Another example of "reframing" mentioned by Desmond Tutu as he used it himself in a situation.
He was driving and somebody swerved right in front of him in a car causing Desmond to have to hit the brakes. The normal reaction is to get angry at the other driver and perhaps escalate the situation but Desmond instead reasoned that the other driver might be going to an emergency or have a valid reason for his behaviour.
So "reframing" is taking a negative thought or situation and turning it on its head, so it becomes something positive. Here's a few examples:
- Got fired? Sad but great you hated that job and now you can find something you will enjoy!
- Girlfriend left? Sad but great you weren't right for each other anyway, now you're free to find a better relationship!
- Lost a leg? Great you didn't die in the explosion, you live to love and experience the rest of your life!

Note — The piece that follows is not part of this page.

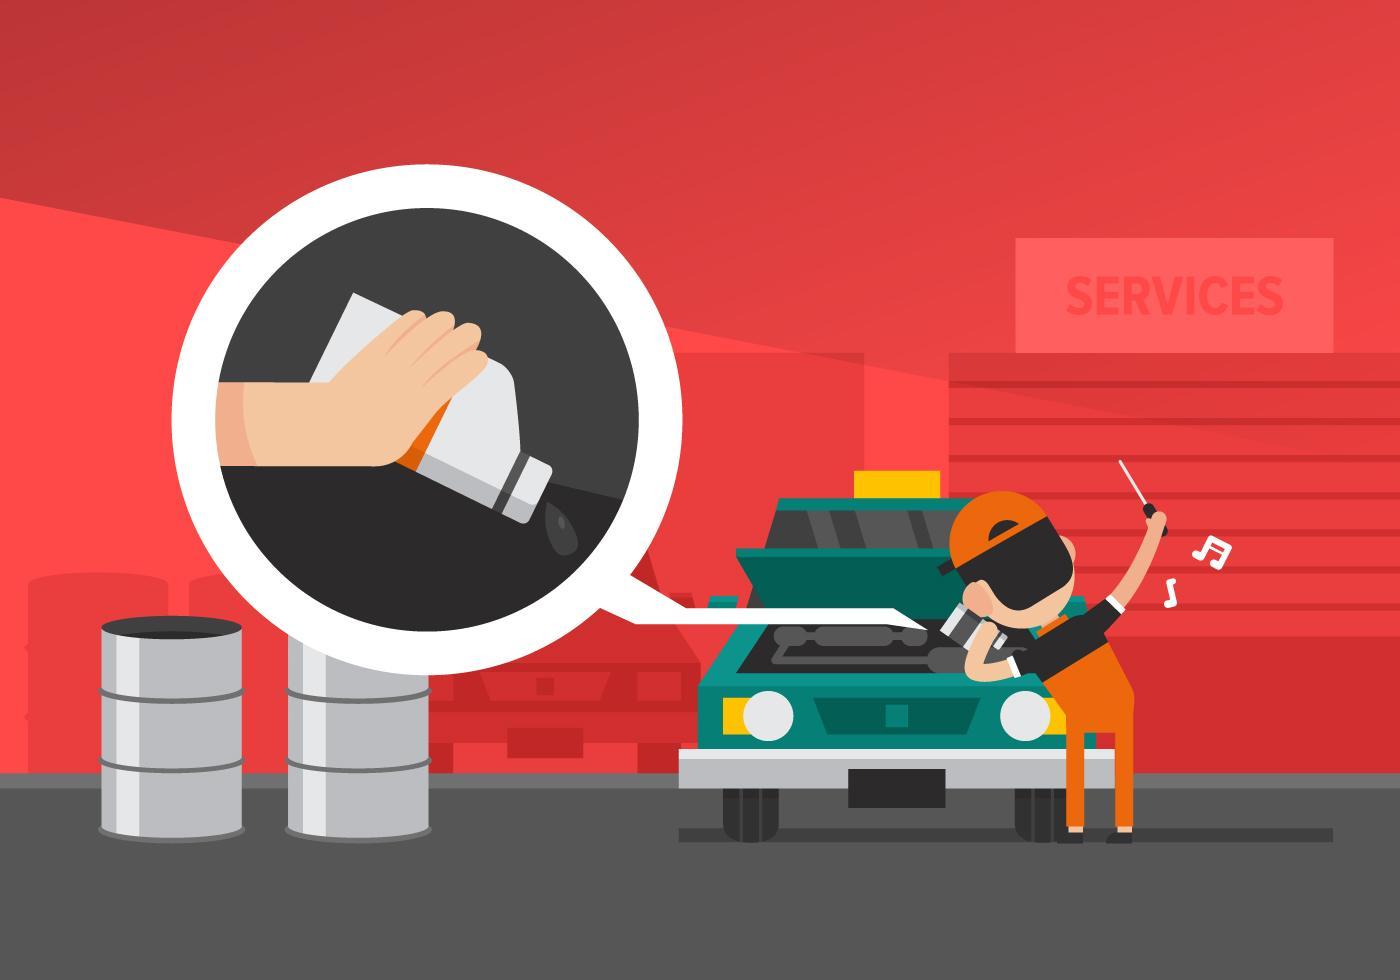 "<a href=""https://www.vecteezy.com/free-vector/tire"">Tire Vectors by Vecteezy</a>"
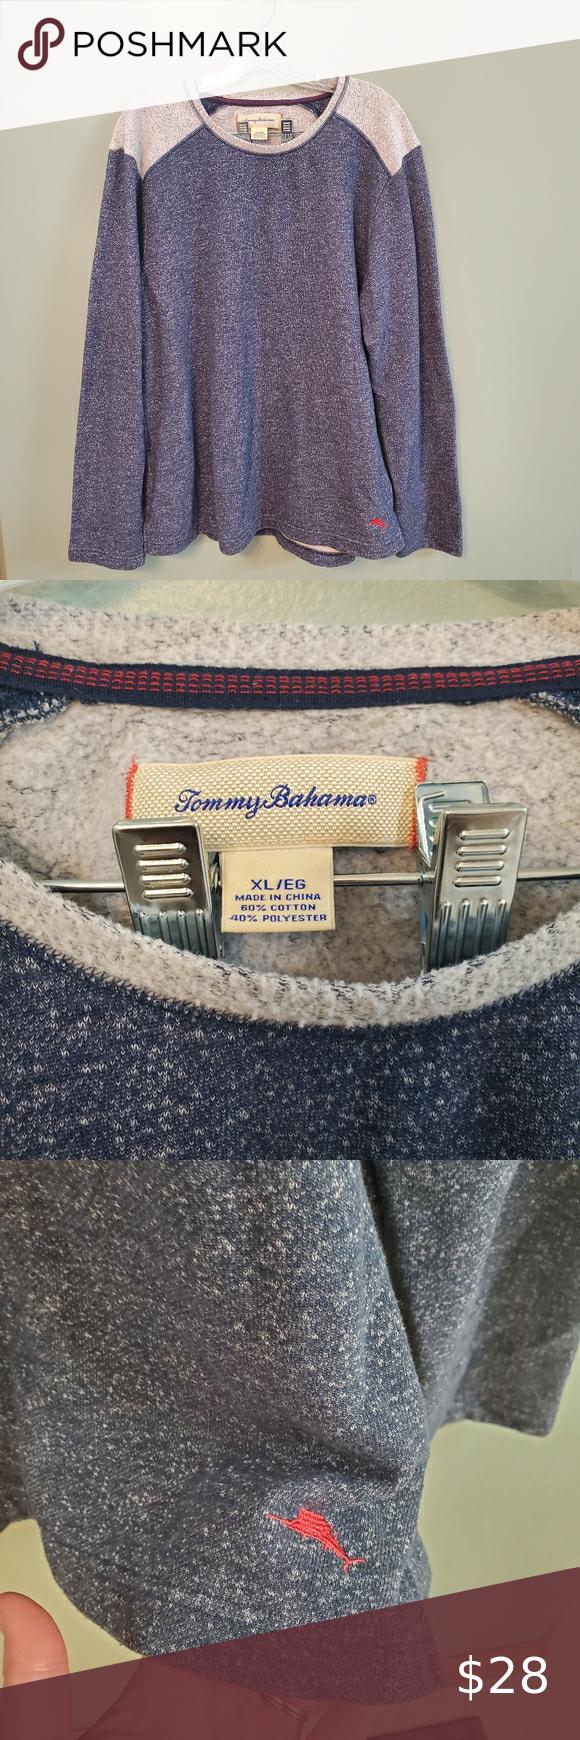 Tommy Bahama Sweatshirt Size Xlarge Tommy Bahama Mens Sweatshirt Great Condition No Flaws Blue And Gray Fast Tommy Bahama Shirts Tommy Bahama Tommy Bahama Mens [ 1740 x 580 Pixel ]

The last example is hard to swallow I know. But it's an actual experience. A psychologist visited two soldiers in a hospital who both lost a leg in the war. The first soldier was completely broken, depressed and sobbing in his bed. The other soldier was out and about in a wheelchair feeling happy that he didn't die.
A lot of times our brain will do the reframing for us. You'll probably find that this happened with most of the relationships you went through before getting married etc. At other times it doesn't happen automatically and you have to rationally try to find the "silver lining in the cloud" and focus on it.
I think where all this leads is here. We can't control our thoughts, you'll have negative and positive thoughts. But you can always control how you think about them rationally at least if you're quick about it. So try to use "reframing" to your advantage and keep Mr. Defeat out of the driver seat.
This is sort of related to Viktor Frankl's conclusion in the book: "Man's search for meaning" (he survived the horrors of the Nazi holocaust aginst all odds at Auschwitz and wrote about his experience):
Everything can be taken from a man but one thing: the last of the human freedoms—to choose one’s attitude in any given set of circumstances, to choose one’s own way
It's certainly not easy, but just knowing that it can be done should provide hope in any situation. So practise reframing small problems and irritations every day and feeling thankful for what you've got, so that you can do it with the real big problems that hopefully never happen.